DiRuggiero didn’t have high hopes for what would remain.
“I’m like, ‘There’s no way,'” she said of the plan. “‘Shoot a micro-organism? This thing will explode.'”
From a physical point of view, the pressures are extreme, even for non-living materials. Ramesh noted that water – which makes up a large part of any cell – begins to react strongly around two gigapascals, changing its volume and forming ices.
Working with detailed modeling, DiRuggiero realized that the most severe damage did not occur when cells were squeezed. The real problem came when the pressure suddenly dropped.
Microbe damage
Among the surviving cells, part of their outer wall was damaged, allowing DNA and proteins get hurt. The cells temporarily abandoned their normal routine – feeding, growing and dividing – and went into repair mode. Within a few hours, however, they had already started to look like themselves. The real surprise lay in something fundamental: how the physical structure of a single cell could withstand such violence in the first place.

Even at the highest pressure the experiment could achieve before the steel hardware began to fail, survival remained around 60 percent.

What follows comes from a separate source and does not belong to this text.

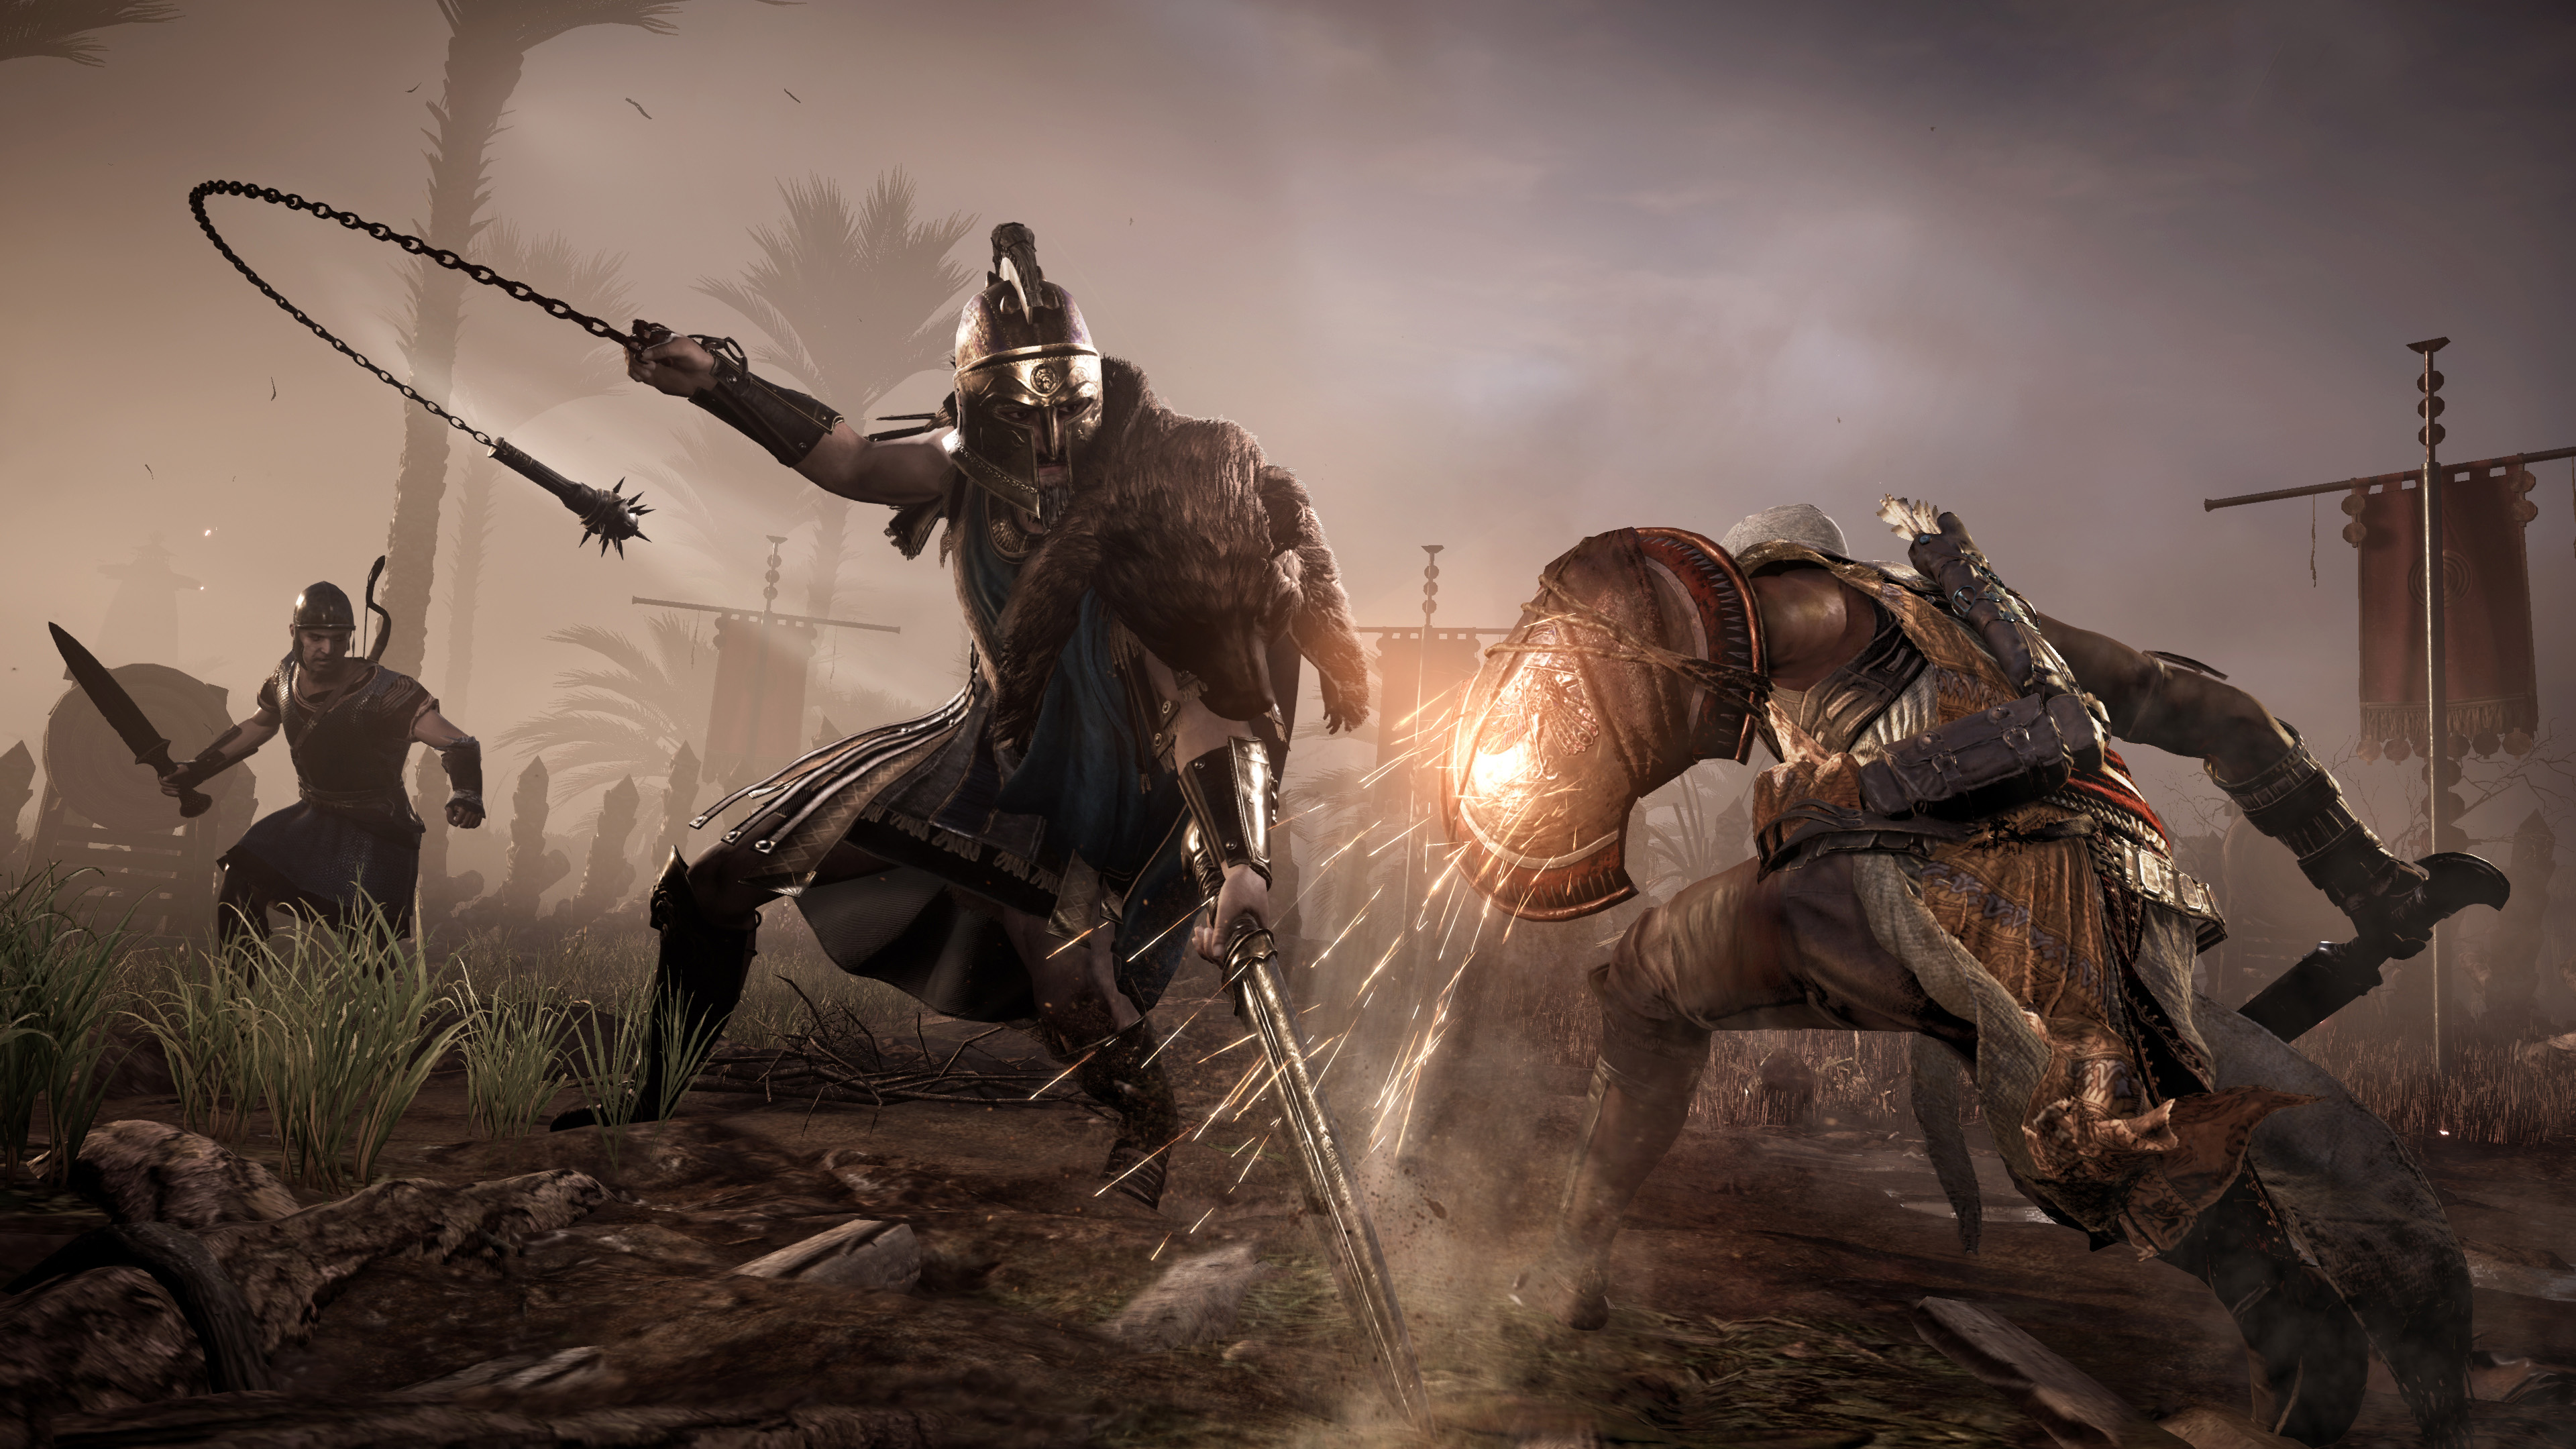 Immagine pubblicata in relazione al seguente contenuto: Ubisoft pubblica lo story trailer e screenshot in 4K di Assassin's Creed Origins | Nome immagine: news26902_Assassin-s-Creed-Origins-Screenshot_7.jpg

Credit: Lisa Orye / Johns Hopkins University Infographic
“I should know by now that microorganisms are absolutely amazing. They colonize every possible environment on Earth. We found them at the bottom of the ocean. We found them in Antarctic sea ice. We found them in acid mud pools,” DiRuggiero said. “If we find life elsewhere in the solar system – or outside the solar system – it will most likely be microorganisms.”

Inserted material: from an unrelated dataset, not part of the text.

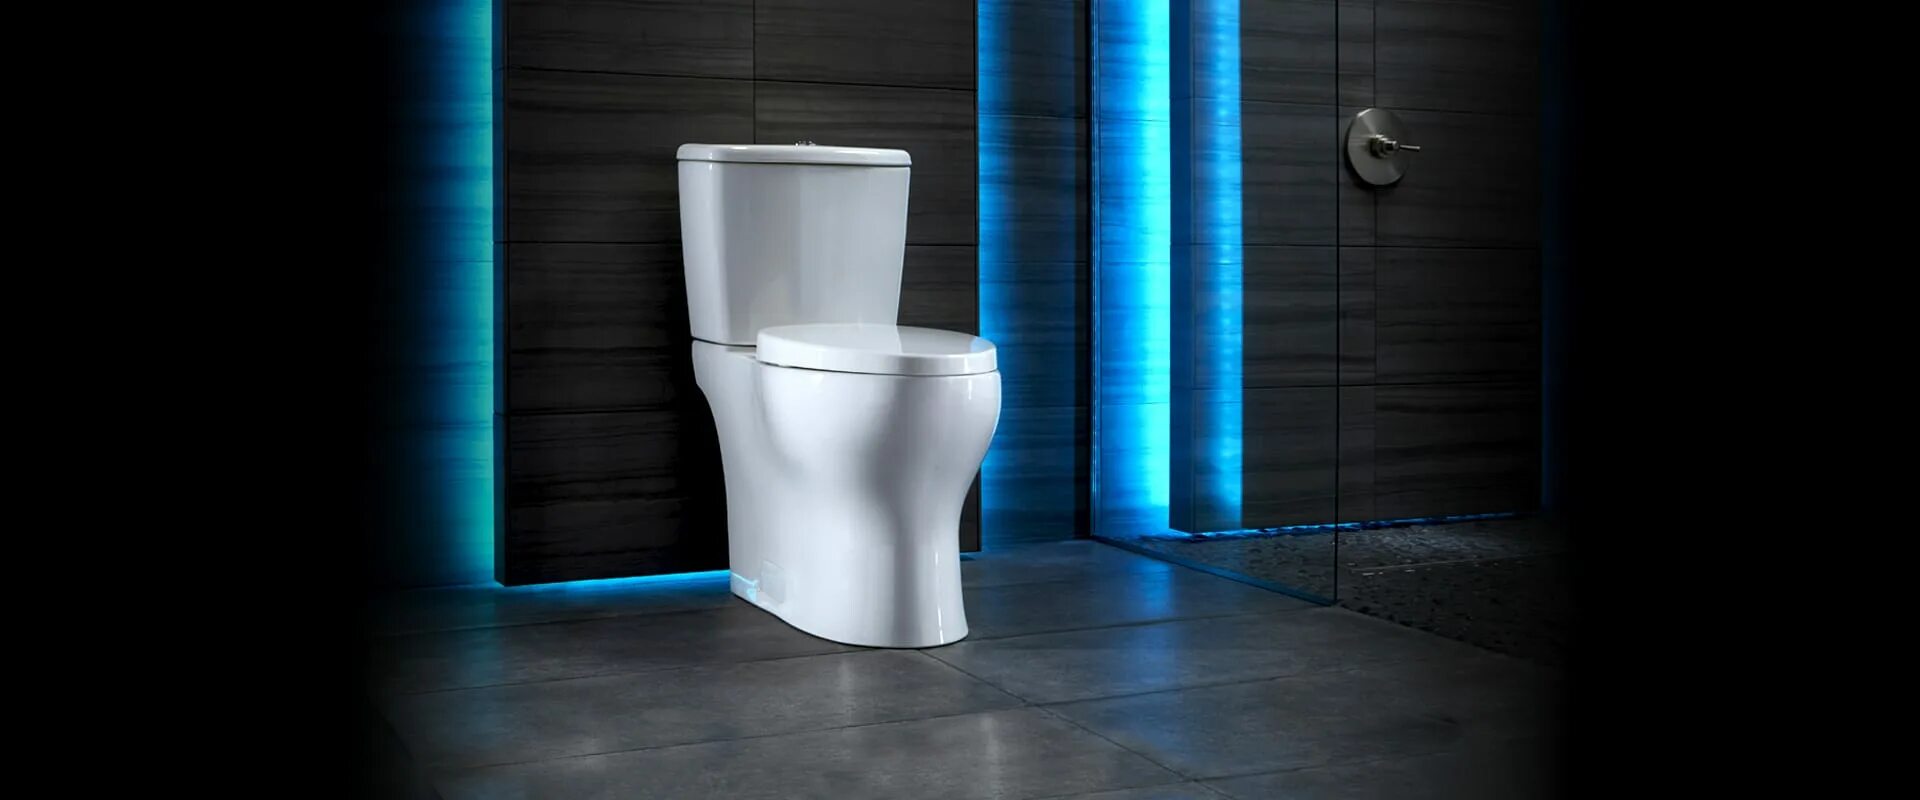 Унитаз geberit напольный. Унитазы Flush Smart Toilet. Унитаз Niagara Vista ng-9301. Красивый унитаз в интерьере.

But for lithopanspermia to go from possible on paper to something that actually happens, life would have to survive much more than being ejected from its territory. An inhabited rock would have to withstand the deep freeze of space, drying out, space radiation, perhaps millions of years of travel, and then re-entry heat another world before landing. For years, Ramesh considered this chain of events to be incredibly remote odds.

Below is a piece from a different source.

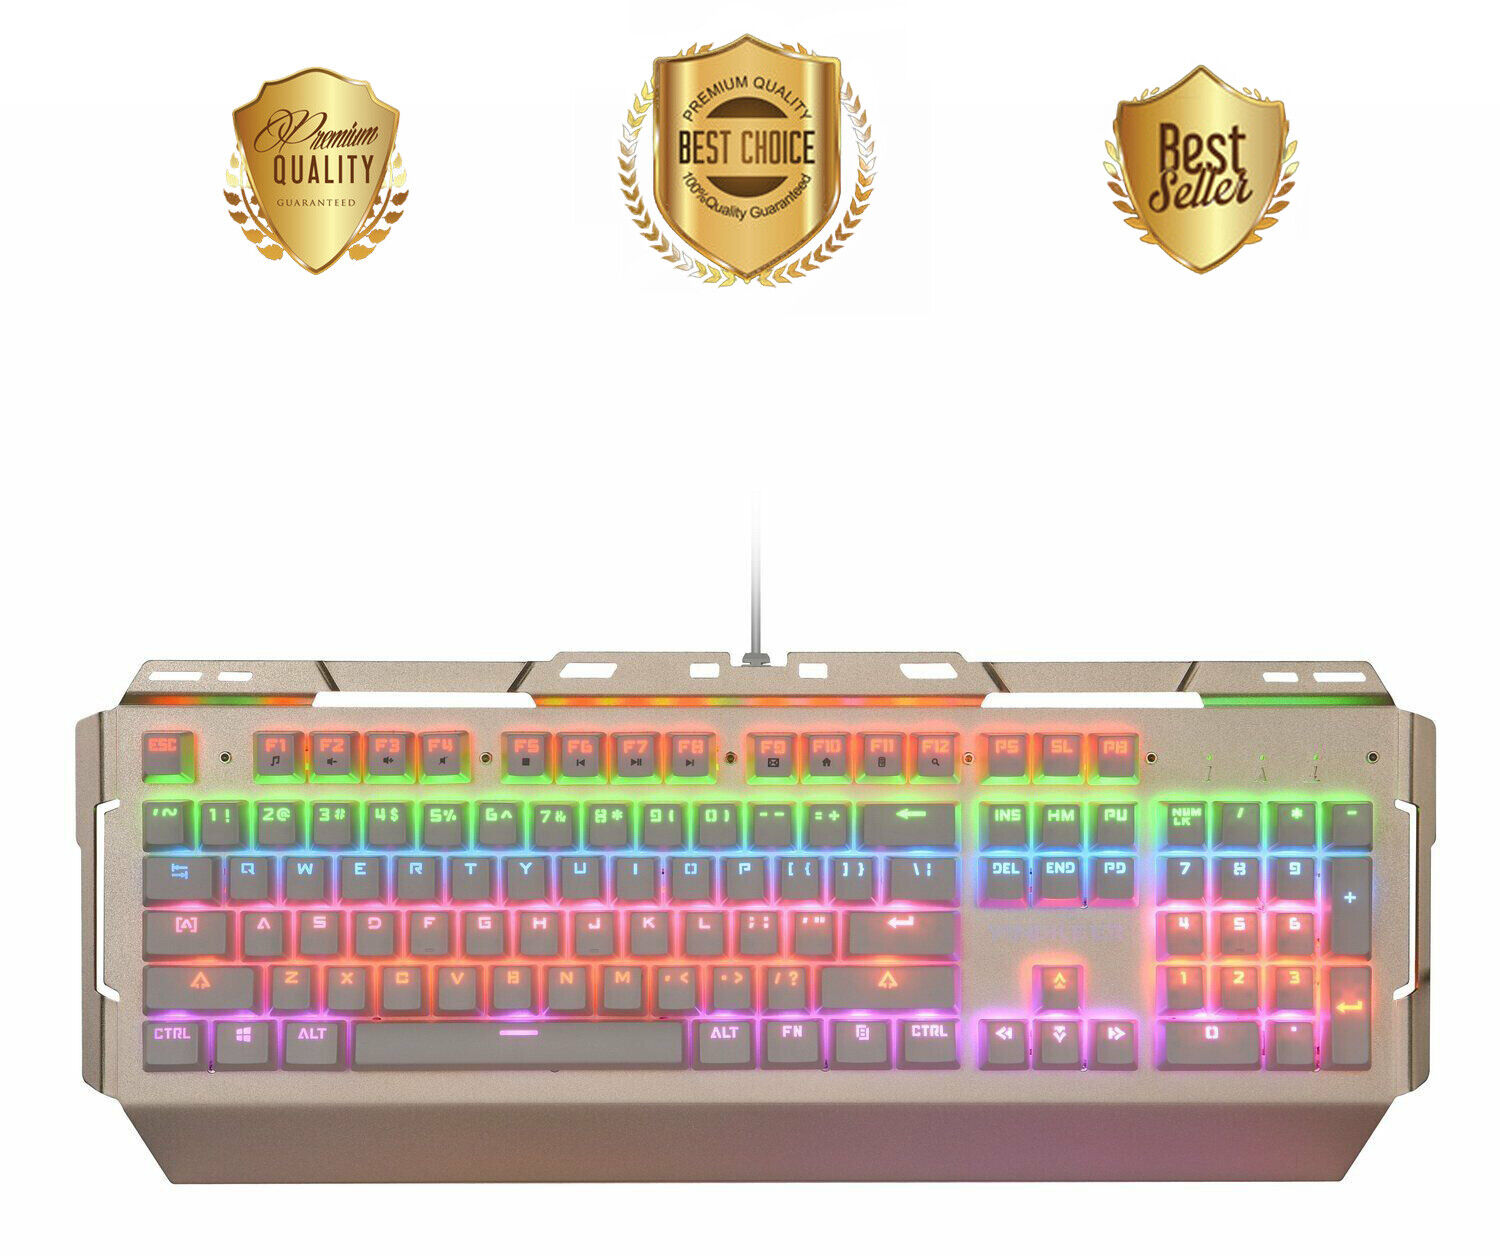 Mechanical Gaming Keyboard, Blue Switch, LED Backlit, 104 Illuminated Keys, NEW

Although the new results do not prove that life moves between planets and moons, it has changed the way he views this possibility.
“I went from saying, ‘It’s just extraordinarily unlikely, and we shouldn’t worry about it,’ to saying, ‘Well, OK, it’s possible,'” he said.
Planetary protection and contamination

Researchers have identified at least 400 Martian meteorites on Earth.
Credit: Tobias Roetsch / Future Publishing / Illustration Getty Images
The study also touches on a sensitive point in planetary protection: the effort to avoid accidentally seeding other planets with terrestrial life. Space agencies already clean the spaceship within reason before sending them on a mission, but there are almost always a few resilient parasites left.
Scientists are particularly wondering what this means for Mars. If bacteria, fungi or other microscopic life If we were to survive in a clean room on Earth, that doesn’t guarantee that these stragglers will actually grow up once they arrive on the red planet. But dead microbes still leave traces of DNA, which could complicate future attempts at discernment. a native Martian of our own contamination.
Planetary protection policies classify certain worlds as requiring strict starship cleanliness to avoid contamination. Results like these could influence which organisms space agencies deem vulnerable. Phobos, according to Ramesh, should probably be added to this list.
Meanwhile, the work highlights how difficult even a simple and tiny life can be. For Ramesh, who has been studying the mechanics of asteroid craters for more than 15 years, the results convinced him that new craters might actually be good places to look for life. The craters may have cracks allow water to flow through them.
“Maybe they’re not as good at sterilizing life as I thought,” he said.